The transcription factor TFIIA stabilizes the interaction between the TATA- binding protein ( TBP) and promoter DNA and facilitates activator function. In yeast, TFIIA is composed of large (TOA1) and small (TOA2) subunits that interact to form a beta-barrel domain and a helix bundle domain. Here we report plasmid shuffle experiments showing that the human subunits (TFIIAalpha/beta, ALF, and TFIIAgamma) are not able to support growth in yeast and that the failure is associated with morphological abnormalities related to cell division. To determine the regions responsible for species specificity, we examined a series of chimeric yeast-human subunits. The results showed that yeast-human hybrids that contained the N-termini of TFIIAgamma or TFIIAalpha/beta were viable, presumably because they could form a functional interspecies alpha-helical bundle.

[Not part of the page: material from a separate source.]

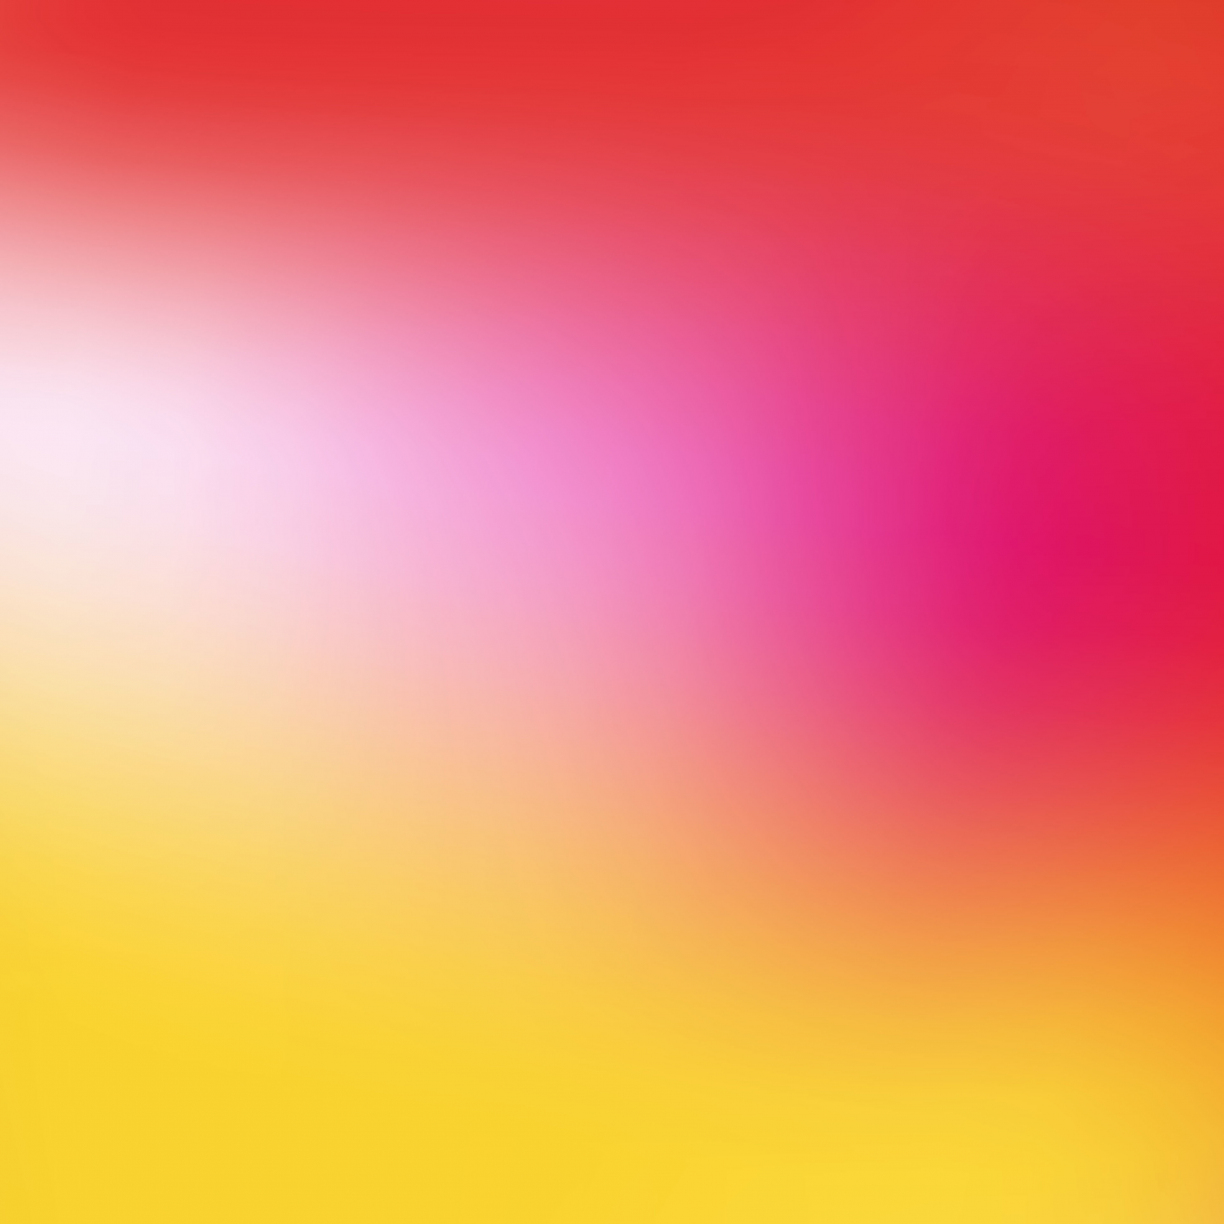 Wallpaper Gradient Yellow And Pink Colors Abstract Desktop Wallpaper

Likewise, a TOA1 hybrid that contained the nonconserved internal region from TFIIAalpha/beta also had no effect on TFIIA function. However, hybrids that contained the acidic region III or C-terminal region IV from TFIIAalpha/beta grew more slowly than the wild-type TOA1 subunit, and if both regions were exchanged, this effect was far more severe. Although these hybrids exchanged sequences which are involved in beta-barrel formation and interactions with TBP, they were all active in a TBP-dependent mobility shift assay. The results suggest that the growth phenotypes of these hybrids might be due to a failure to interact with components of the yeast transcription machinery other than TBP. Finally, we show that sequences from region III of TFIIA large subunits fall into classes that are either highly acidic or that are divergent and nonacidic, and provide the first evidence to suggest that, at least in yeast, this region is important for TFIIA function.[1]